4.1. The Equality of Freedom Argument
According to the equality argument, group rights are sometimes necessary to eradicate inequalities between members of particular groups and other citizens. It can, for instance, be used to defend affirmative action favoring students from ethnic minorities. The equality argument is incomplete without an answer to the question what kind of inequalities are group rights supposed to eradicate. If Jones (1999) is right and group rights are demands for group freedom, the point of the group rights that the equality argument supports is to eradicate group unfreedoms.
The point of departure of my reconstruction of the argument is the normative premise that everybody is entitled to some particular range of freedoms. The descriptive premise concerns group unfreedom, and states that a particular social group is deprived of some of these freedoms. These premises support the claim that something needs to be done to free the members of the group that lacks freedom in the current situation. Group rights serve to secure such freedom. In this context, they serve to restore equality.
The social mechanism account of group freedom can be used to give further substance to the descriptive premise of the equality argument. The source of the existing inequality is a social mechanism that deprives a social group of some of these freedoms. More specifically, such inequalities will arise due to ascriptive schemas. It follows that the unfreedoms that feature in the descriptive premise really are group unfreedoms on the proposed account.
The fact that particular freedoms are due to a group-specific mechanism does not entail that it has to be resolved by means of a group right. Recall from section 2.2 that group freedom is a nonbivalent notion. This reveals that group unfreedoms can also be eradicated by means that are generic rather than group-specific. Note that, when group unfreedoms are dissolved by generic means, the resulting freedoms are (ordinary) individual freedoms. Rather than relying on affirmative action, universities could target biases in the application process in order to create equal opportunities for members of ethnic minorities.

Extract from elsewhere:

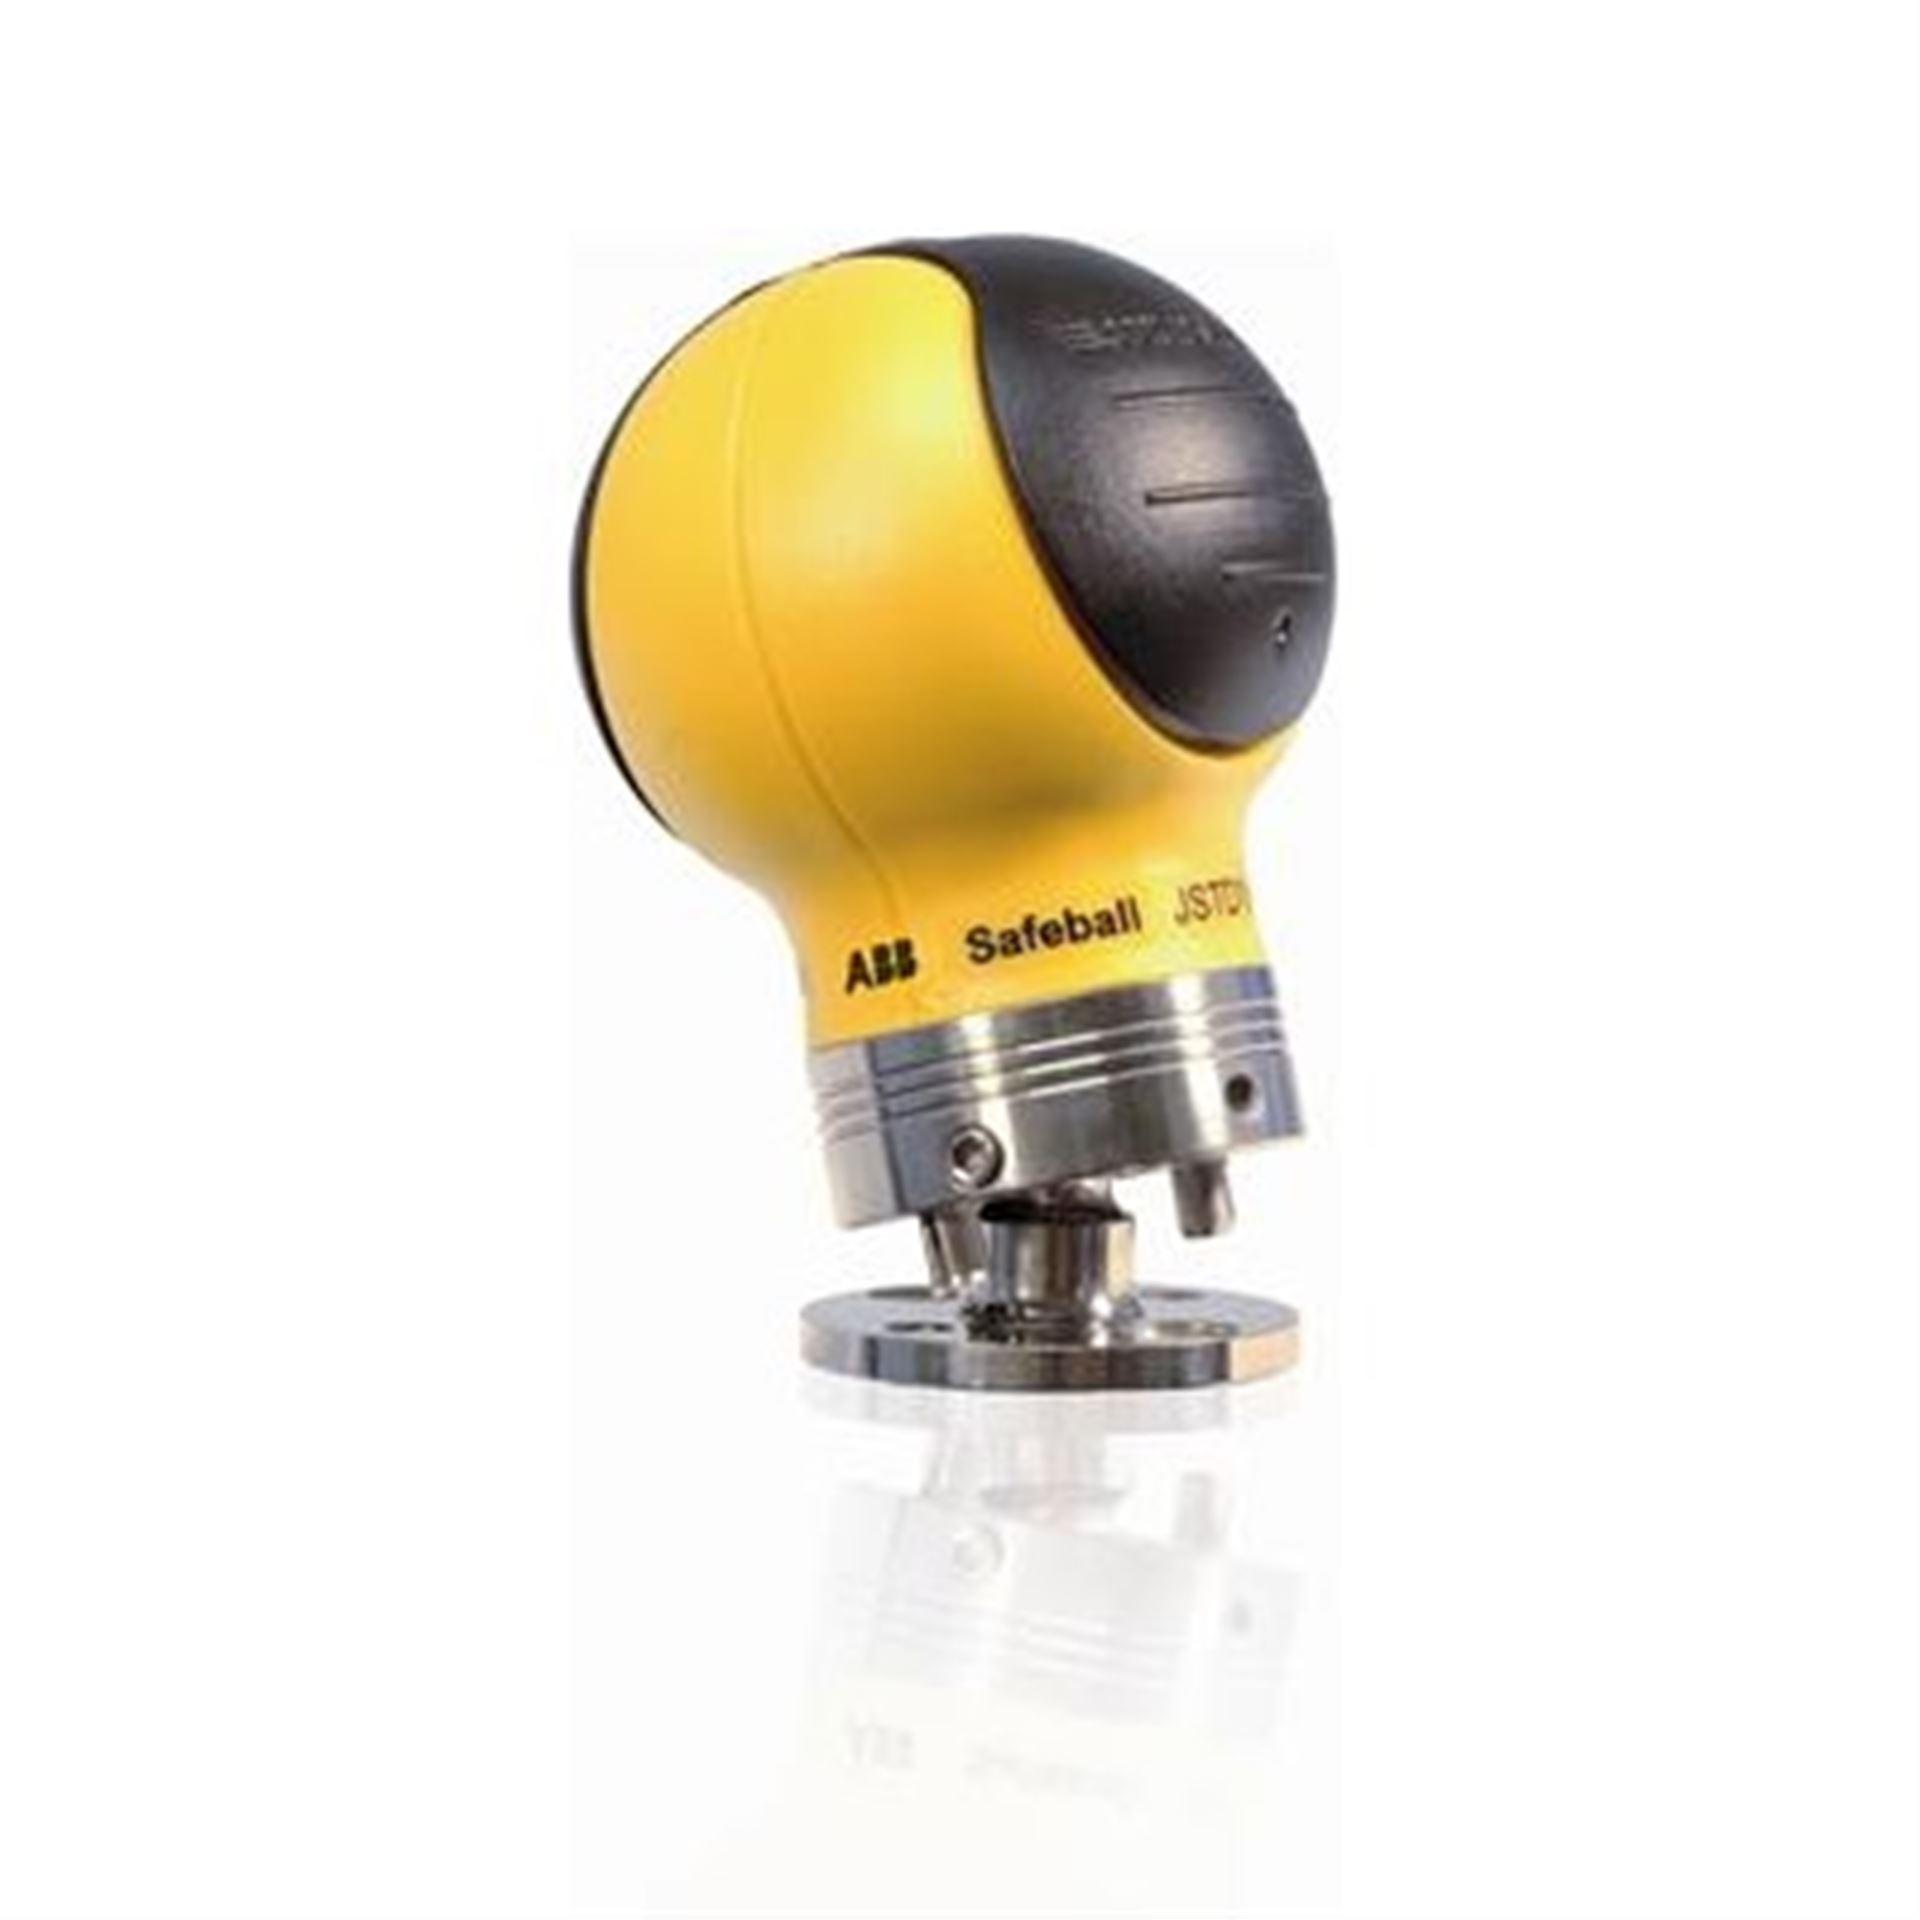 Safeball - Innovative und ergonomische Maschinensteuerung

In some cases, generic means are in fact to be preferred to group-specific solutions. The latter are likely to lead to group-specific differences in advantage, which is the very problem that group rights are meant to solve. A generic measure leads to a decrease in the number of actions that are due to a biased ascriptive schema. A group-specific measure introduces an alternative ascriptive schema. In this way, it still contributes toward differential treatment. As such, it can be regarded as disrespectful (as Carl Cohen argues in his debate with James Sterba; Cohen and Sterba 2003). If it is, generic measures are to be preferred, and uniformity is to be preferred to difference. Hence, the argument should include a third premise according to which group rights should be introduced only if they provide for the most effective and appropriate means of solving the problem of group unfreedom. 29
As it is formulated in terms of group unfreedom, I refer to the following reconstruction as “the Equality of Freedom Argument”:
Equal freedom: Everyone is entitled to some particular range of freedoms.
Group unfreedom: A particular social mechanism deprives a social group of one of these freedoms.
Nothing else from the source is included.